### AVAILABLE DATA
/---
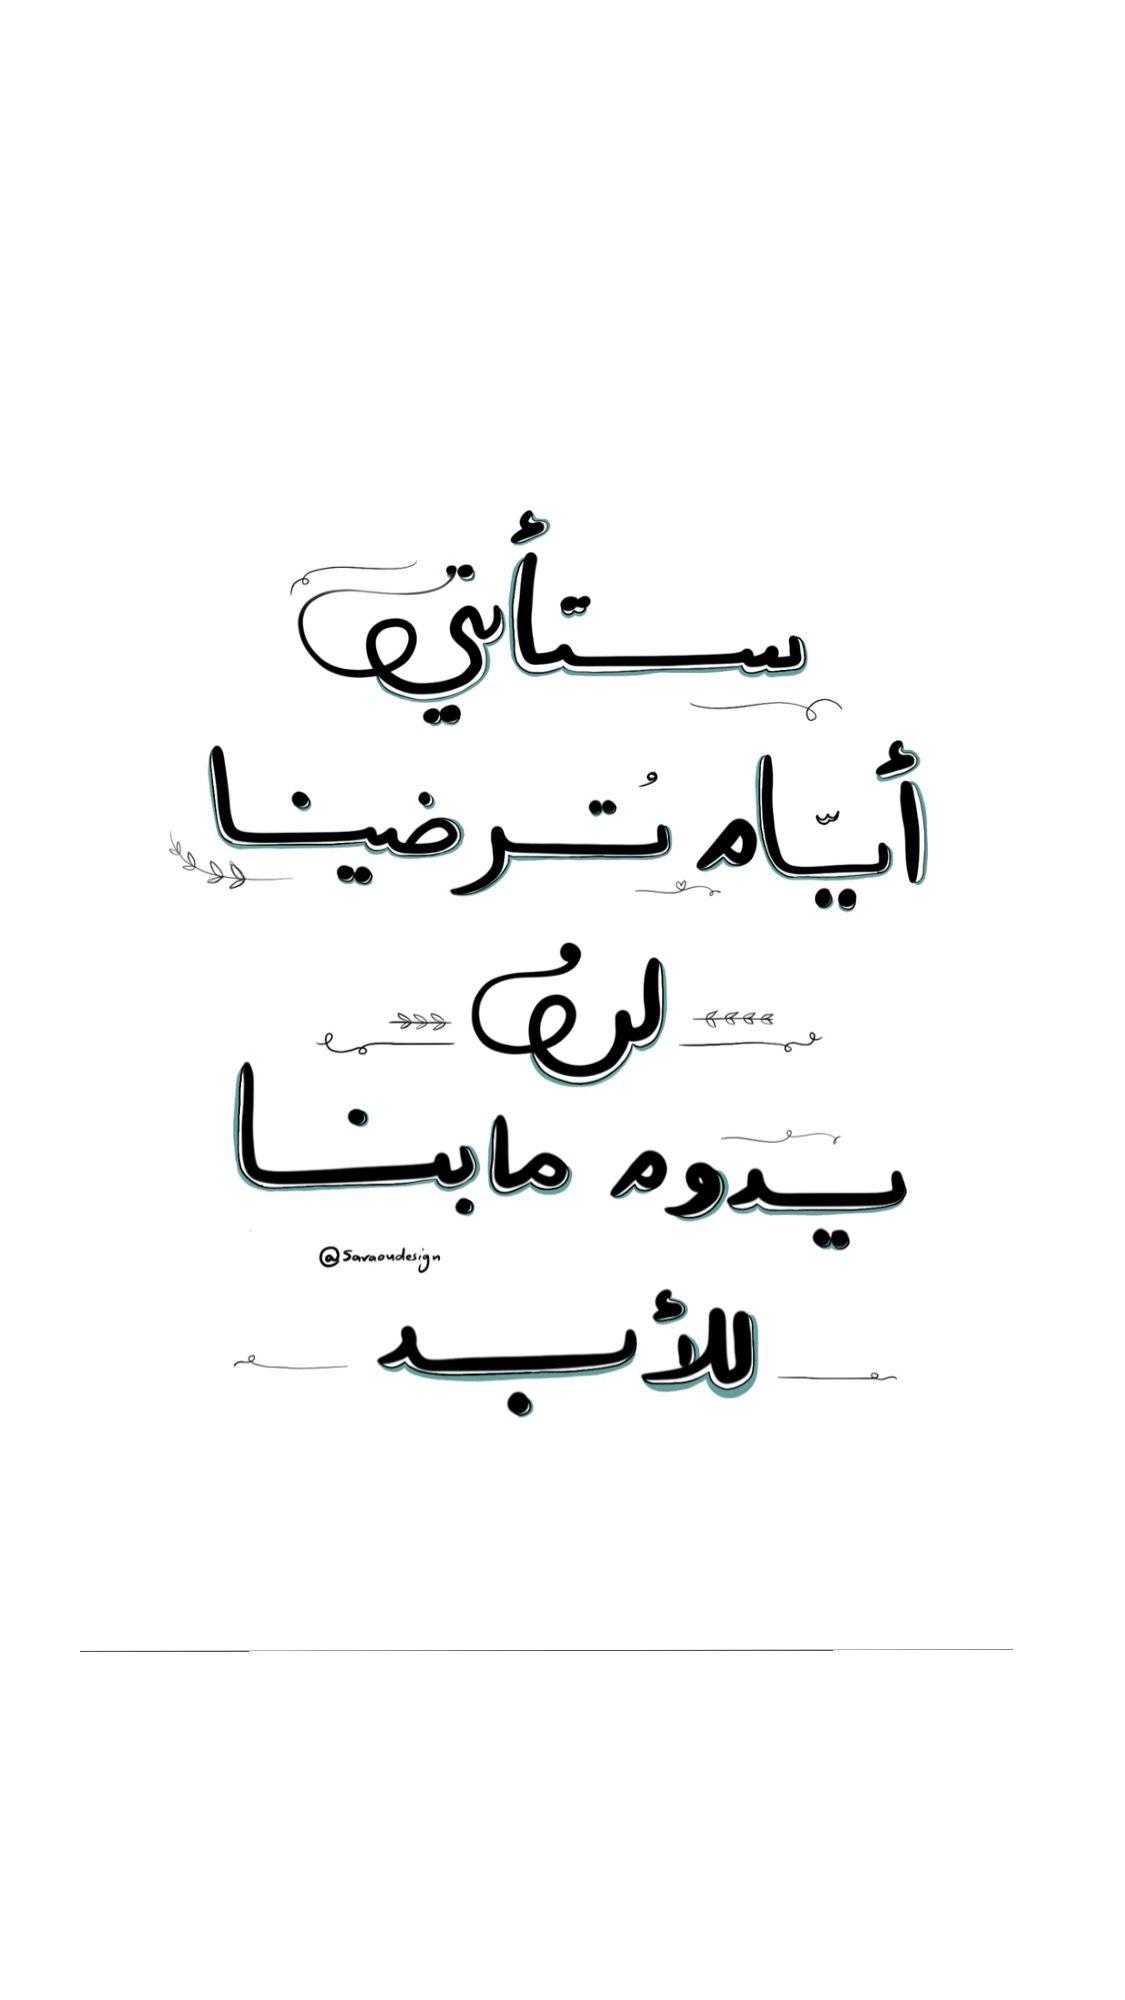 اقتباسات عربية Arabic Tattoo Quotes Positive Wallpapers Photo Quotes
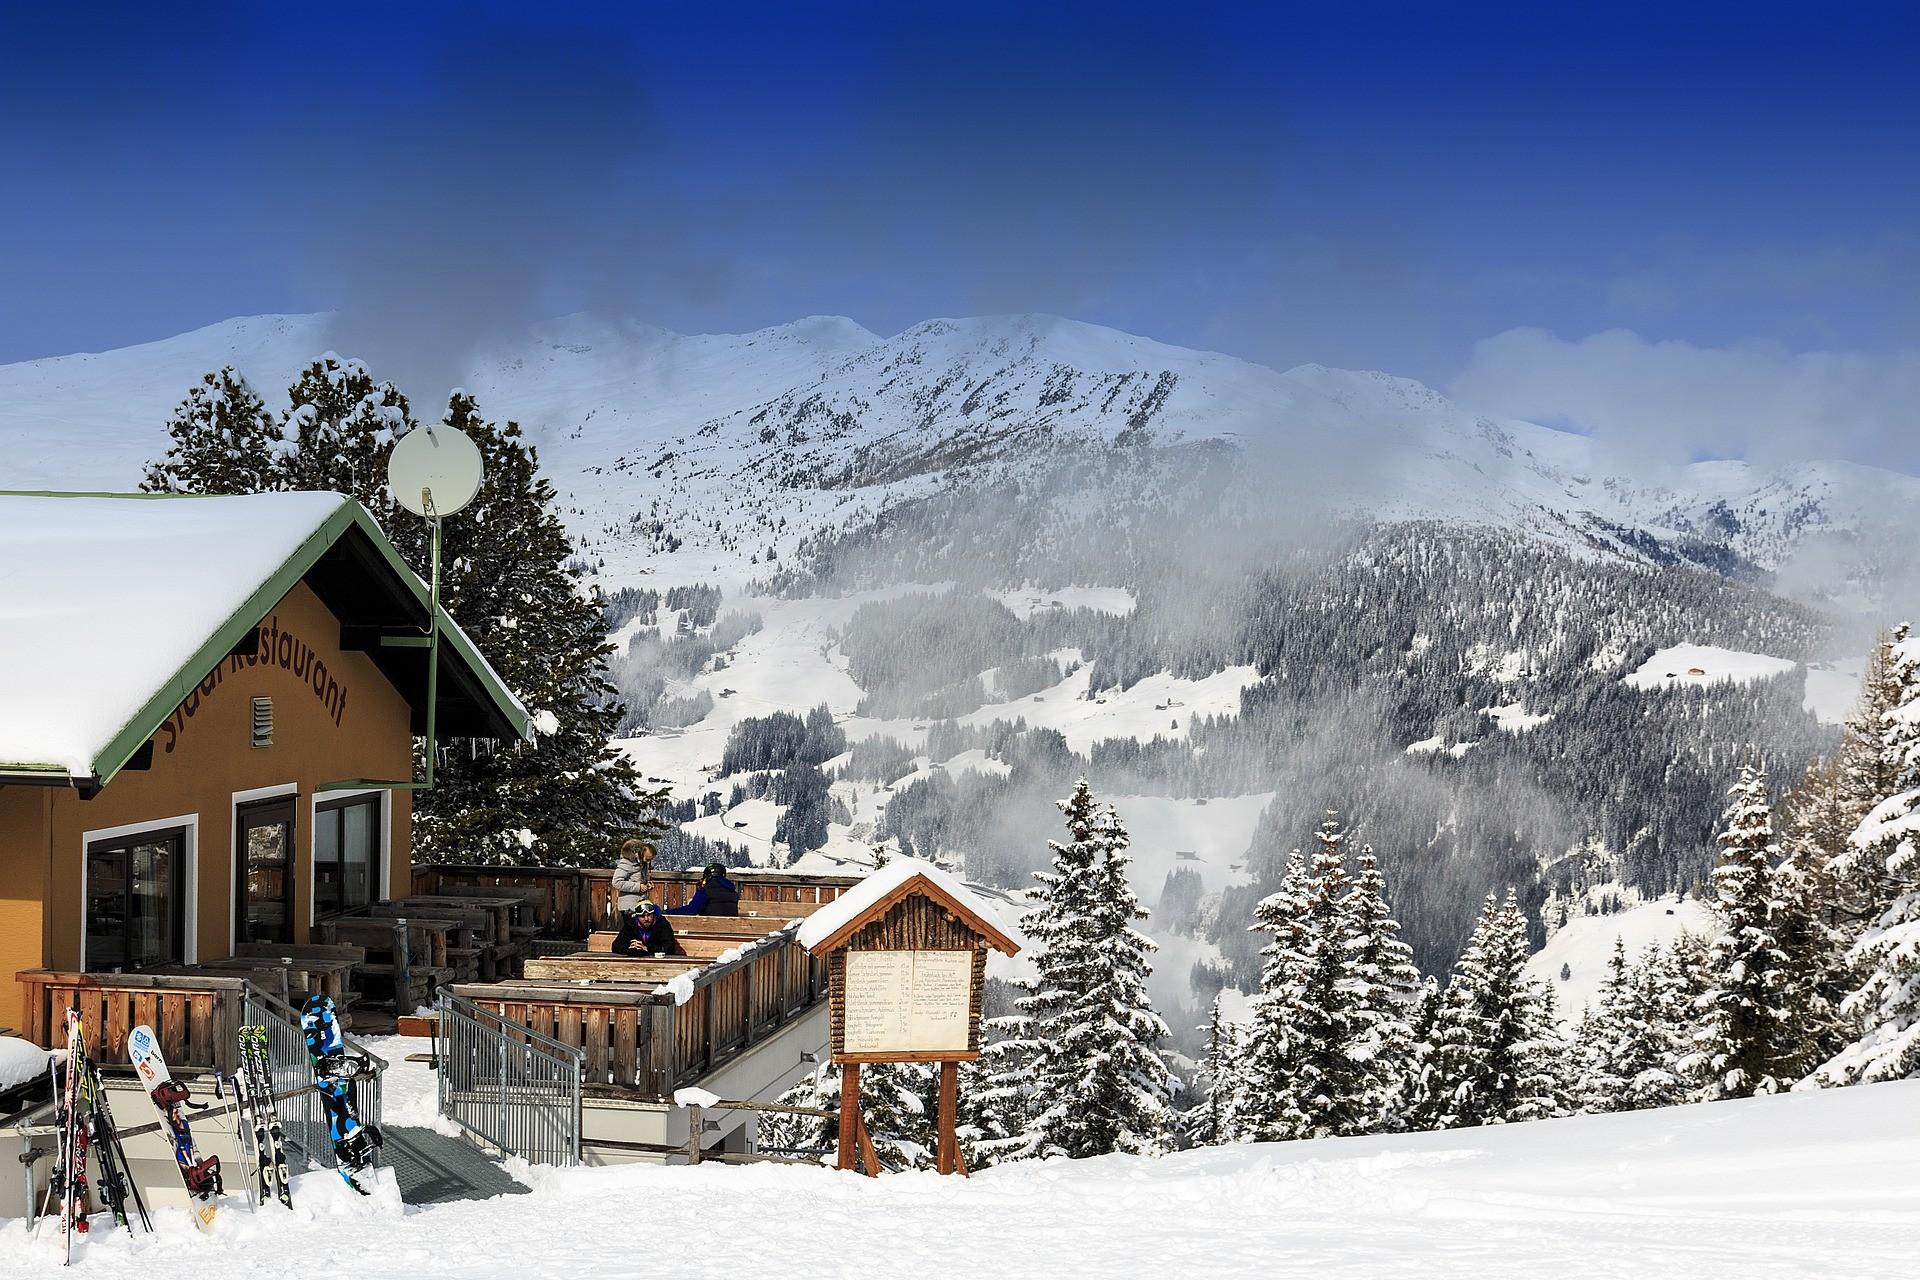 Mayrhofen Restaurant op de piste in de sneeuw
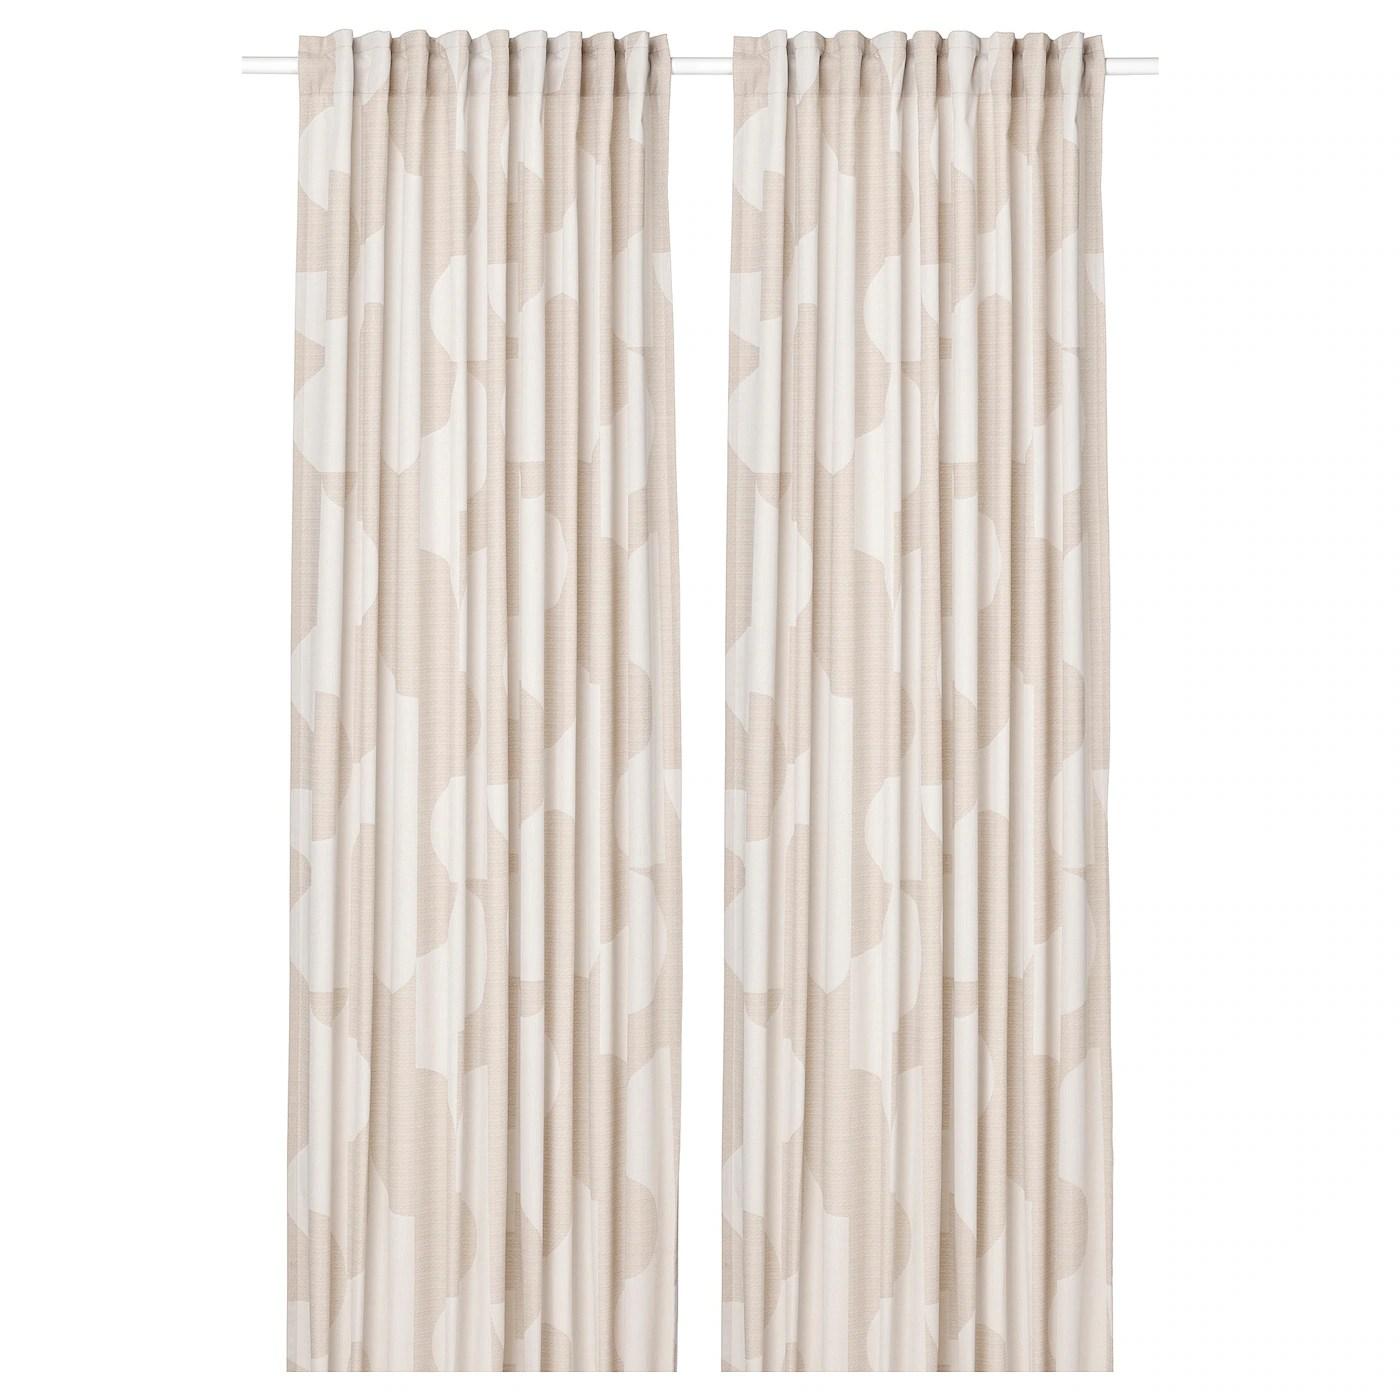 Le tende arricciate si possono creare in vari modi e si prestano a qualsiasi stile e a qualsiasi ambiente, a seconda dell'effetto che vogliamo ottenere. Tende Per Interni Ikea It
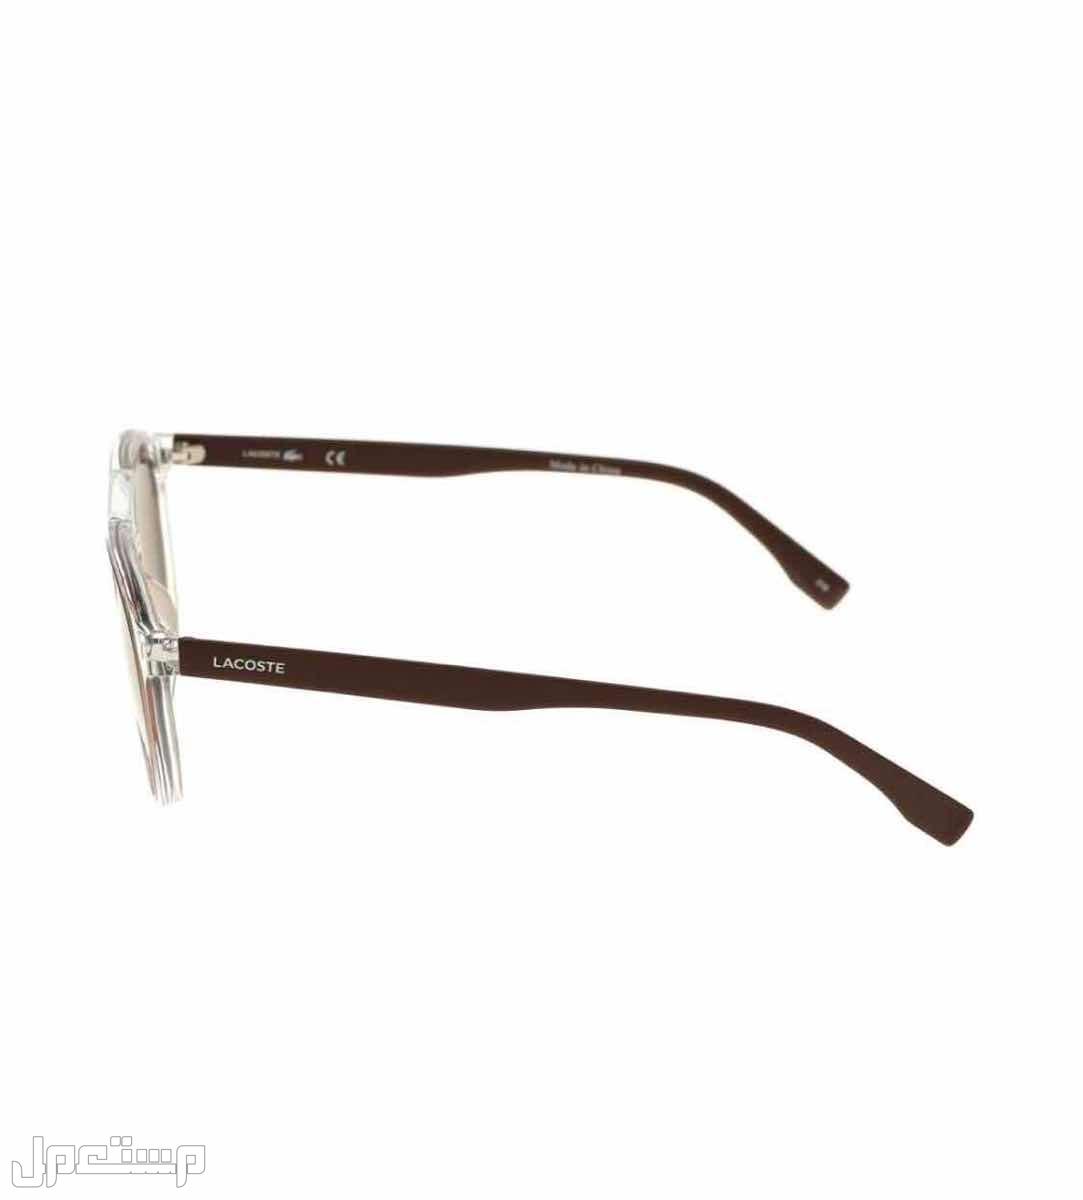 نظارة لاكوست جديده لم تستعمل وبسعر منافس🚨
\---
### WHAT THE EXERCISE ASKS
Except for the pictures, give the data again word for word.

### TASK RESPONSE
 اقتباسات عربية Arabic Tattoo Quotes Positive Wallpapers Photo Quotes
 Mayrhofen Restaurant op de piste in de sneeuw
 Le tende arricciate si possono creare in vari modi e si prestano a qualsiasi stile e a qualsiasi ambiente, a seconda dell'effetto che vogliamo ottenere. Tende Per Interni Ikea It
 نظارة لاكوست جديده لم تستعمل وبسعر منافس🚨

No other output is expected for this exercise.